Re: grammar questions

Ah! Yes...

There's a weird solution that would parse the original PHP grammar... 
With LALR parsers, weeding (e.g. post-parsing cleanup) is a very
powerful tool.

So, you could relax your grammar rules and define your grammar as
attached.  This:
(1) will accept invalid programs like:
  if (a) x = 4; else v = 3; else y = 4;
(2) won't group "if", "elseif" and "else" statements together.
(3) will group things incorrectly e.g.:

if (a)
  if (b)
    x = 1;
    x = 2;
  x = 3

will be grouped as

if (a)
  if (b)
    x = 1;
  x = 2;
  x = 3

But, as it accepts a superset of your language, all you need to do is
traverse the AST and match related things together, and weed out invalid
constructs:-)  All this in linear time (no need for infinite lookahead
with potentially exponential costs)...

It's a little tricky, as you have to regroup things correctly.

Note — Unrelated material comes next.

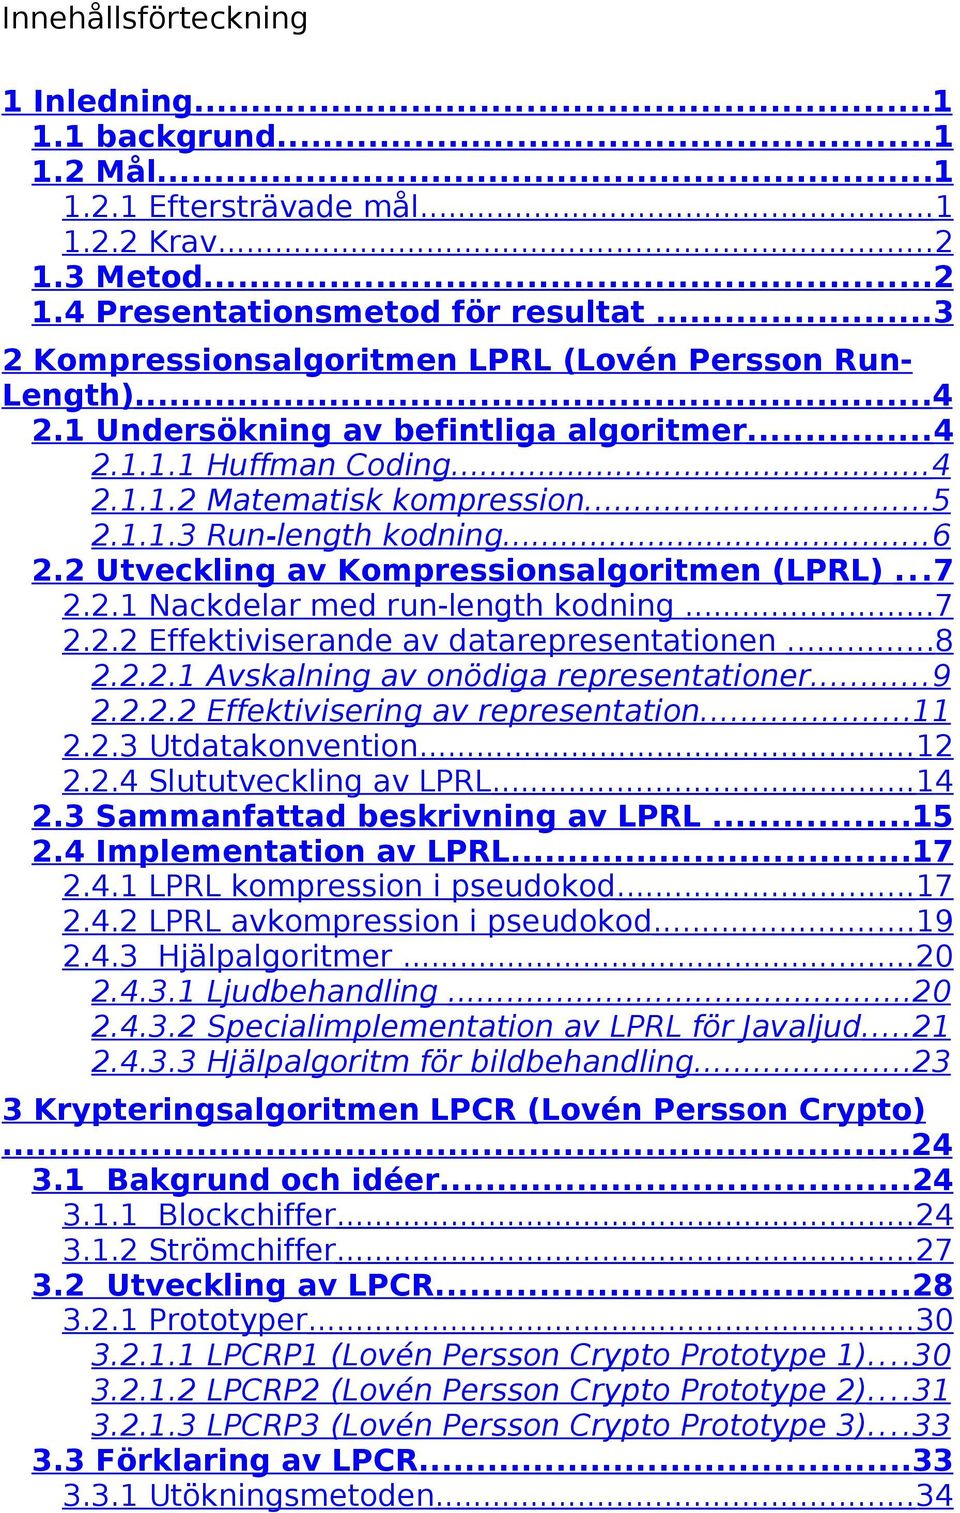 ..6 2.2 Utveckling av Kompressionsalgoritmen (LPRL)...7 2.2.1 Nackdelar med run-length kodning...7 2.2.2 Effektiviserande av datarepresentationen...8 2.2.2.1 Avskalning av onödiga representationer.

(As you see, there's always a solution).

Have fun!

Etienne M. Gagnon, M.Sc.                     e-mail: egagnon@j-meg.com
Author of SableCC:                             http://www.sablecc.org/
and SableVM:                                   http://www.sablevm.org/

  blank = (' ' | 10 | 13)*;

  semicolon = ';';
  if = 'if';
  exp = 'exp';
  colon = ':';
  else = 'else';
  elseif = 'elseif';
  endif = 'endif';

Ignored Tokens


program = stmt*;

stmt =
  {empty} semicolon |
  {if} if exp stmt |
  {elseif} elseif exp stmt |
  {else} else stmt |
  {ifcolon} if exp colon stmt elseifcolonstmt* elsecolonstmt? endif;

elseifcolonstmt =
  elseif exp colon stmt;

elsecolonstmt =
  else colon stmt;